### Task prompt
Below is some data. Retype exactly the lines starting at the one with "42. Stacja Dobre" and ending at the one with "Bandera De Mexico".
──────── Material to process ────────
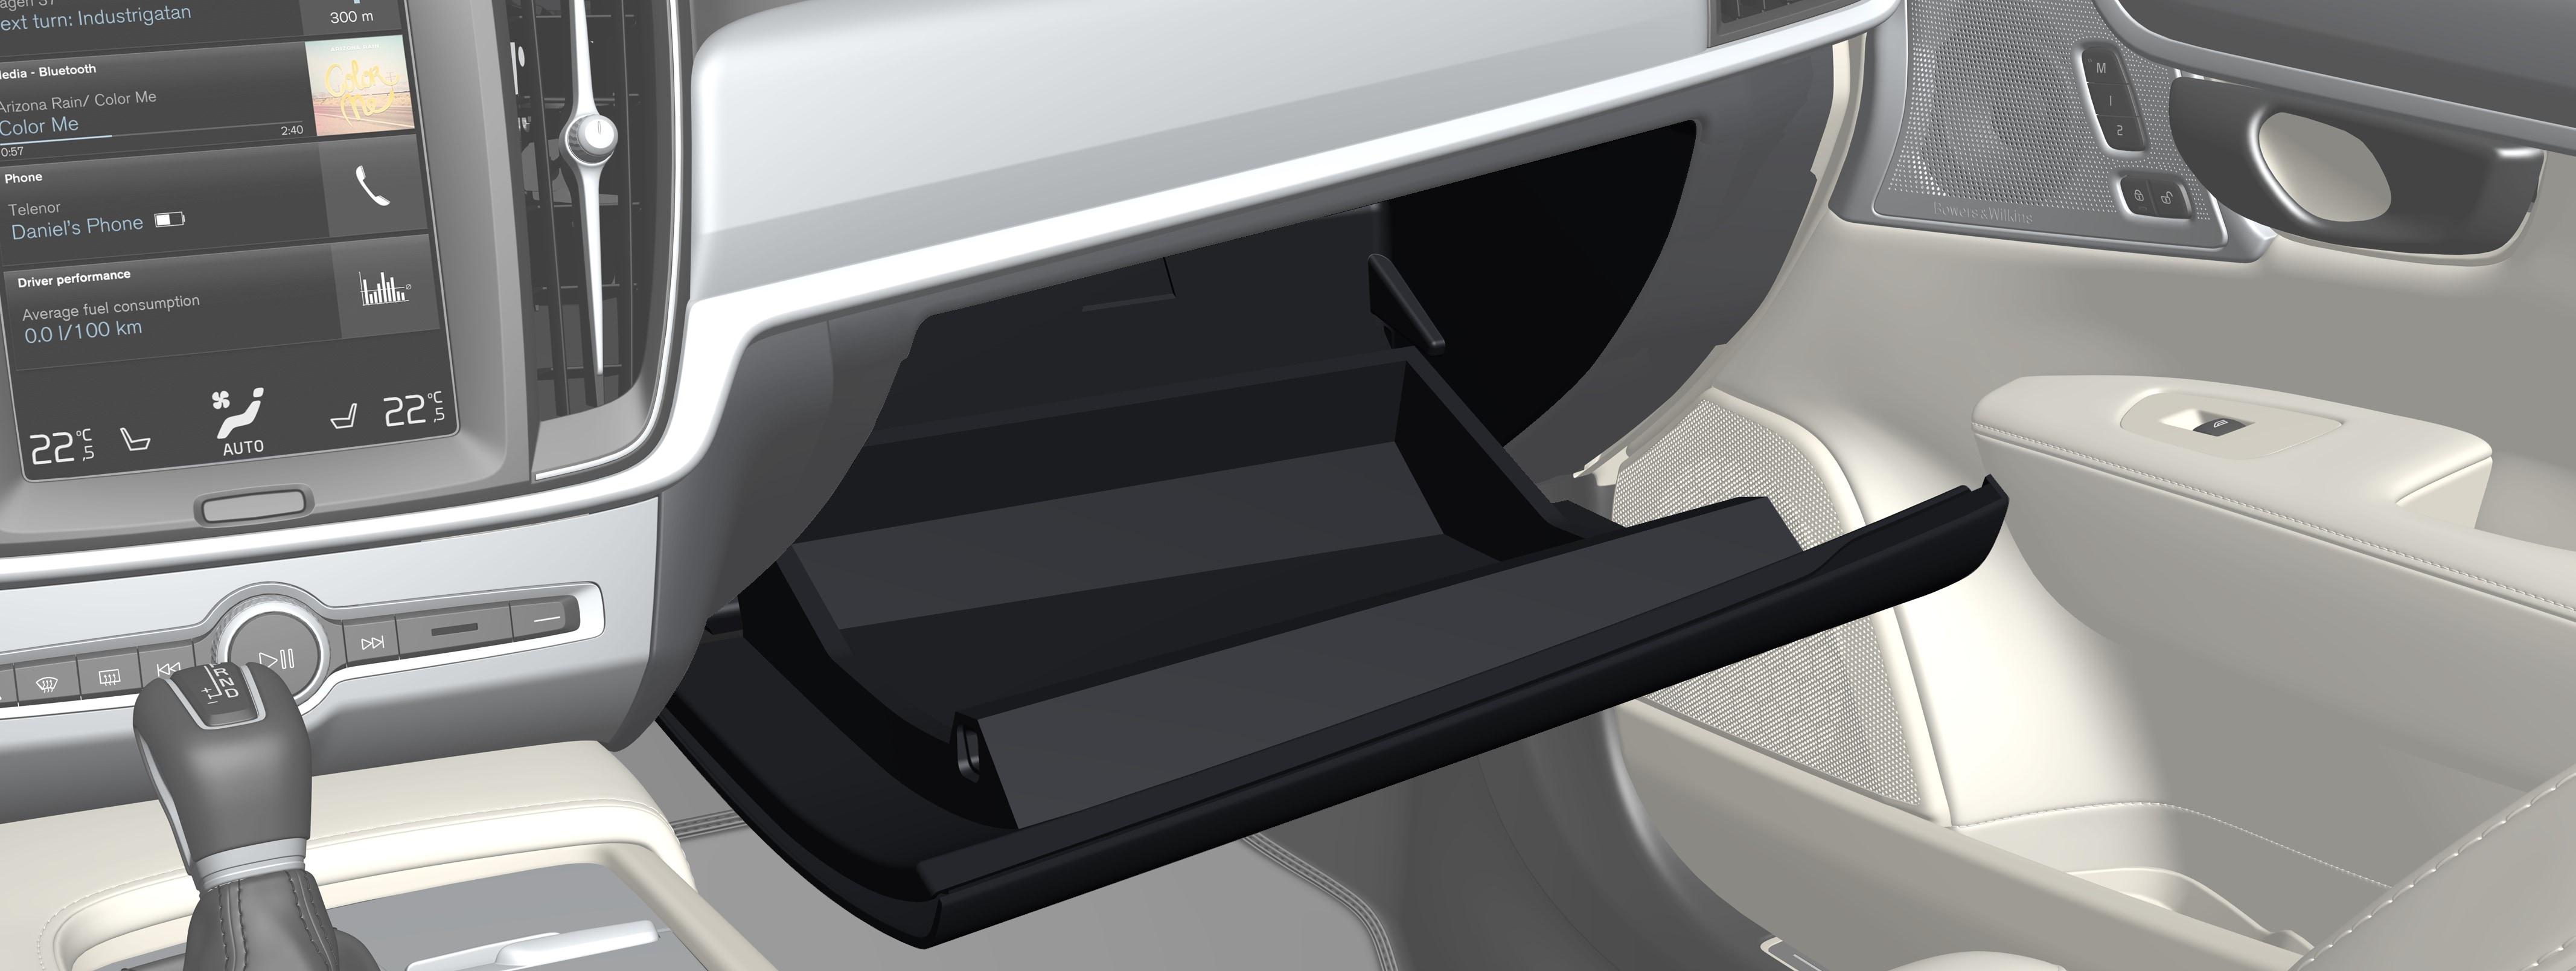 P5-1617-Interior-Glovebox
────────
──────── Material to process ────────
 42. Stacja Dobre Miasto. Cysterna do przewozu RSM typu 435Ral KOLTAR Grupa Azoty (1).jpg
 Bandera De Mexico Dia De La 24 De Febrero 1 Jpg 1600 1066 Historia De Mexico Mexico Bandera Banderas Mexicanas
────────
### Answer area
 42. Stacja Dobre Miasto. Cysterna do przewozu RSM typu 435Ral KOLTAR Grupa Azoty (1).jpg
 Bandera De Mexico Dia De La 24 De Febrero 1 Jpg 1600 1066 Historia De Mexico Mexico Bandera Banderas Mexicanas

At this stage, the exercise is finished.